→ **Supplied data**
☆ ☆ ☆ ☆ ☆ ☆ ☆

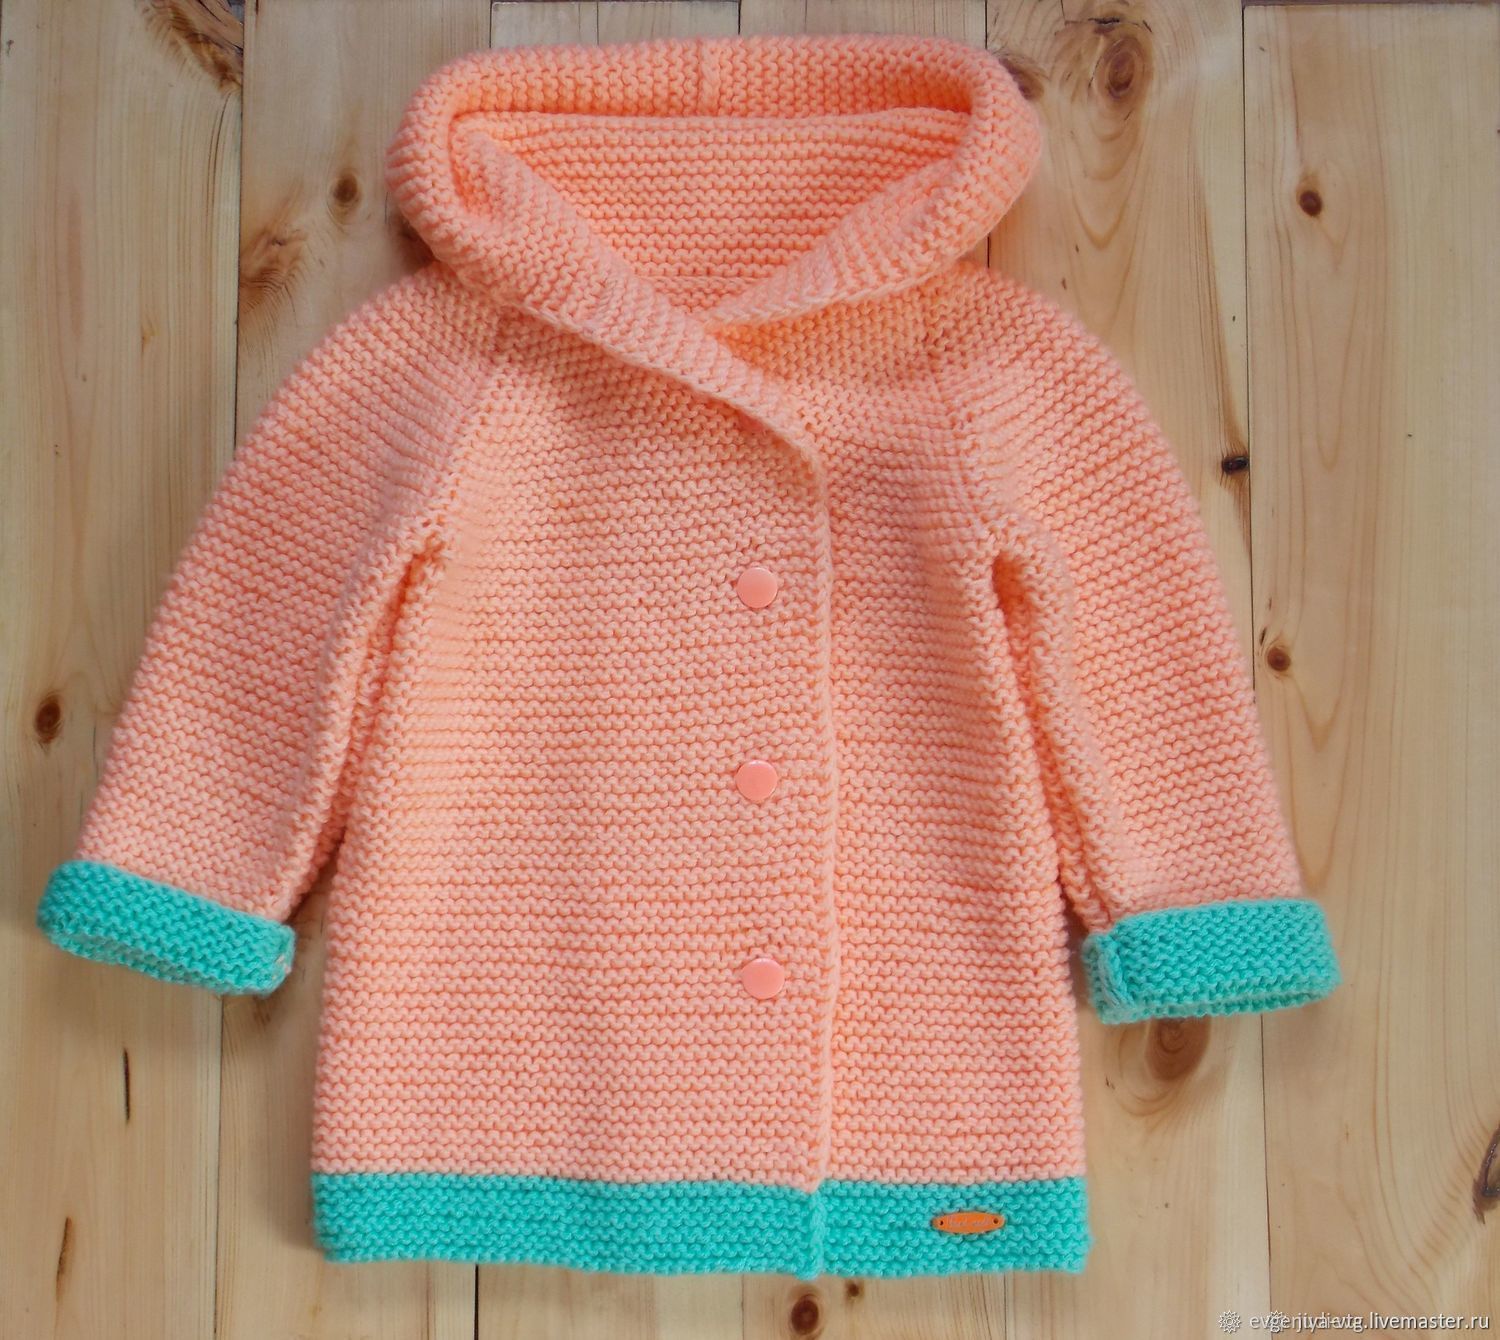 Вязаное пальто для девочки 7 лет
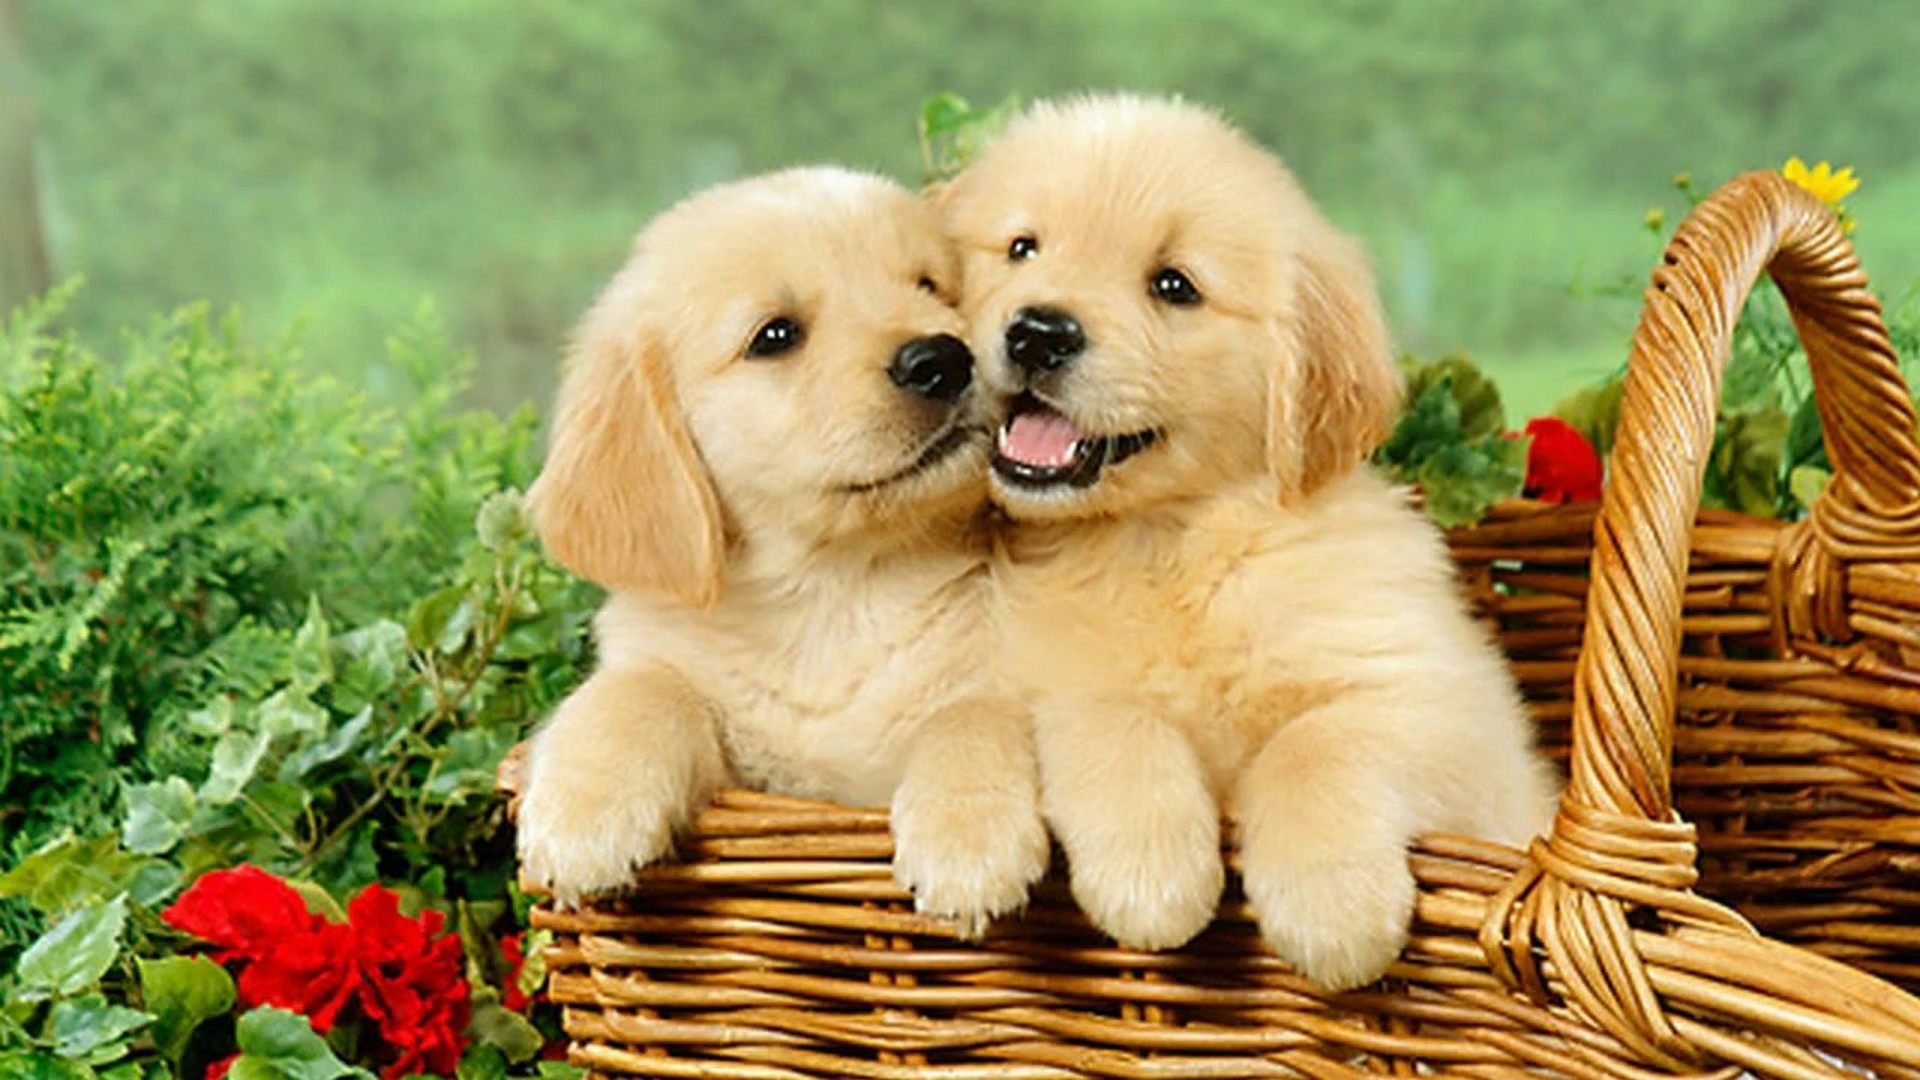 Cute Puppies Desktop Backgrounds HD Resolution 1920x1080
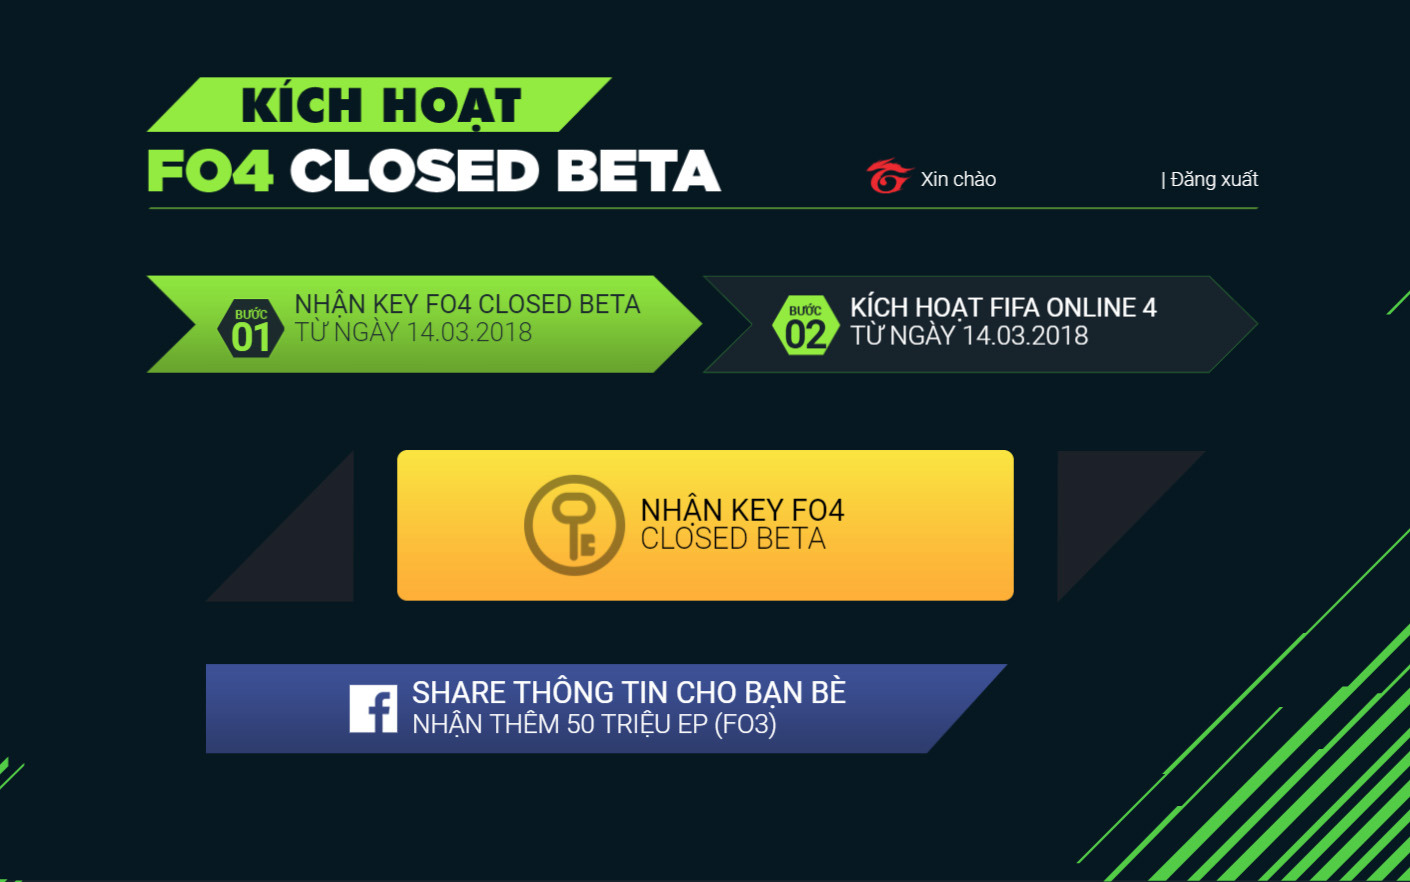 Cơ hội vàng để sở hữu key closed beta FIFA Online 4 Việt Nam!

☆ ☆ ☆ ☆ ☆ ☆ ☆

Print the entire listing above verbatim. No picture should be included.

 Вязаное пальто для девочки 7 лет
 Cute Puppies Desktop Backgrounds HD Resolution 1920x1080
 Cơ hội vàng để sở hữu key closed beta FIFA Online 4 Việt Nam!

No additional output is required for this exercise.